Rassismus kann überall entstehen
Dabei trifft es meist ethnische Minderheiten oder Immigranten. "Rassismus ist eine Gewaltstruktur, von der allein die Mehrheitsbevölkerung ausgenommen ist oder sogar davon profitiert – etwa wenn es um die Verteilung von Rechten und Ressourcen geht, die nicht allen gleichermaßen zustehen", erläutert Nadia Shehadeh.
Und das ist kein rein deutsches oder europäisches Phänomen. "Natürlich wird es in allen Gesellschaften dieser Welt gruppenbezogene Menschenfeindlichkeit geben", sagt die Soziologin. Rasissmus kann überall entstehen. "Aber Europa ist – auch aufgrund seiner kolonialen und faschistischen Vergangenheit – schon nochmal ein Fall für sich." Hier sei Antisemitismus, Islamfeindlichkeit, und Rassismus gegen Schwarze sowie Sinto und Roma weit verbreitet.
Fremdenfeindlichkeit – typisch deutsch?
Speziell deutsch ist aber das Wort "Fremdenfeindlichkeit", das oft synonym für Rassismus verwendet wird. Und das findet Nadia Shehadeh bedenklich, weil mit dem "Fremden" immer auch die Idee der "Andersartigkeit" mitschwingt.

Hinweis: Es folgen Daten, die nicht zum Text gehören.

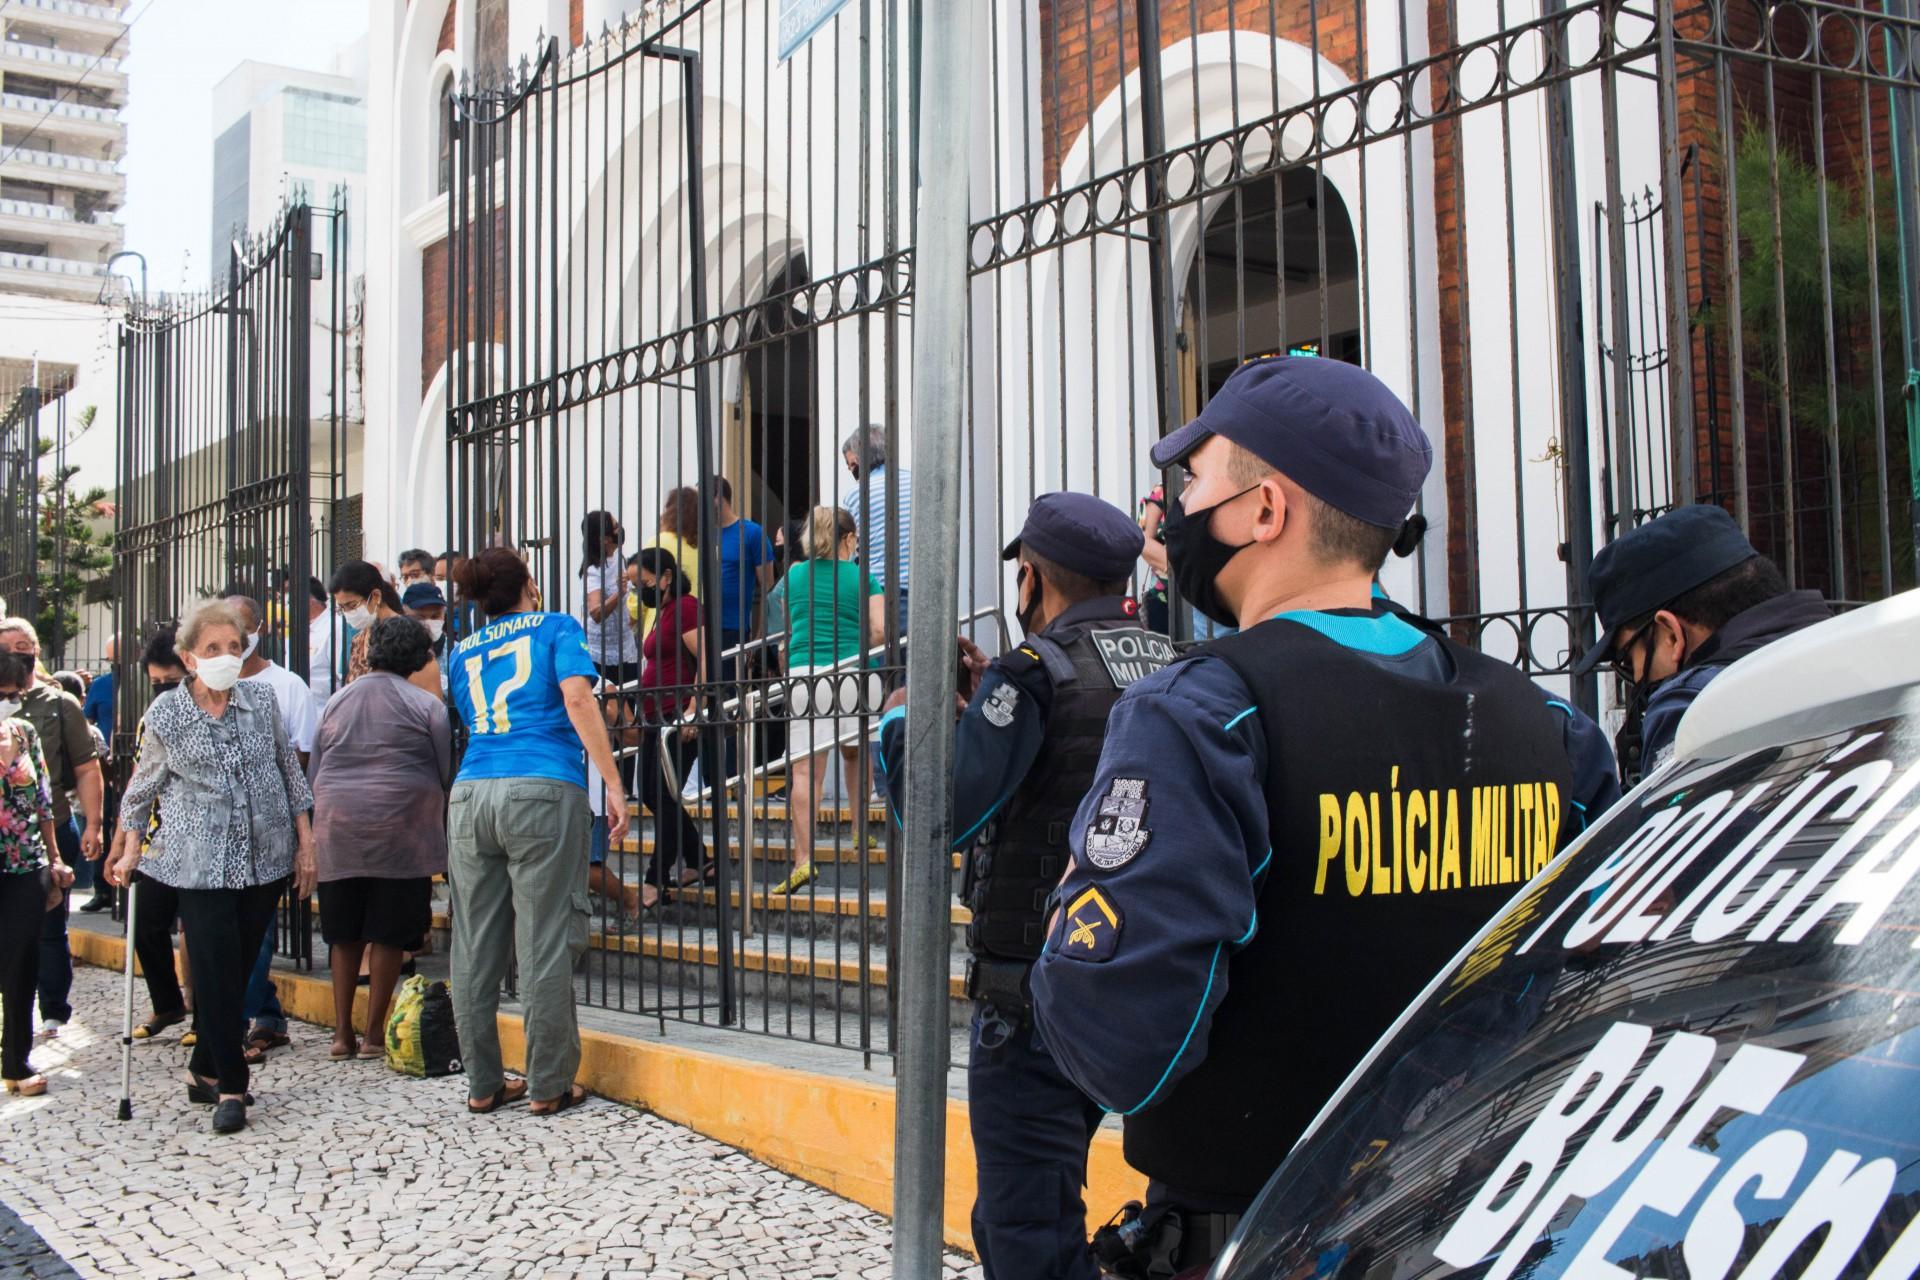 Apoiadores do presidente Jair Bolsonaro lotaram a Igreja da Paz neste domingo. Padre Lino foi afastado de maneira preventiva (Foto: Fernanda Barros)

Und genau diese Abgrenzung des "Eigenen" zum "Fremden" oder "Anderen" würde ja überhaupt erst zu Rassismus führen.
Die Aktivistin findet es daher auch schwierig, dass auch in den Medien so häufig von Fremdenfeindlichkeit oder Ausländerfeindlichkeit gesprochen wird. "Das bedient weiterhin binäre Denkmuster", warnt sie. "Schon hinter diesen Sprachbildern befindet sich eine Vorstellung unserer Gesellschaft – und die geht bei Fremdenfeindlichkeit tatsächlich davon aus, dass es etwas Fremdes geben muss."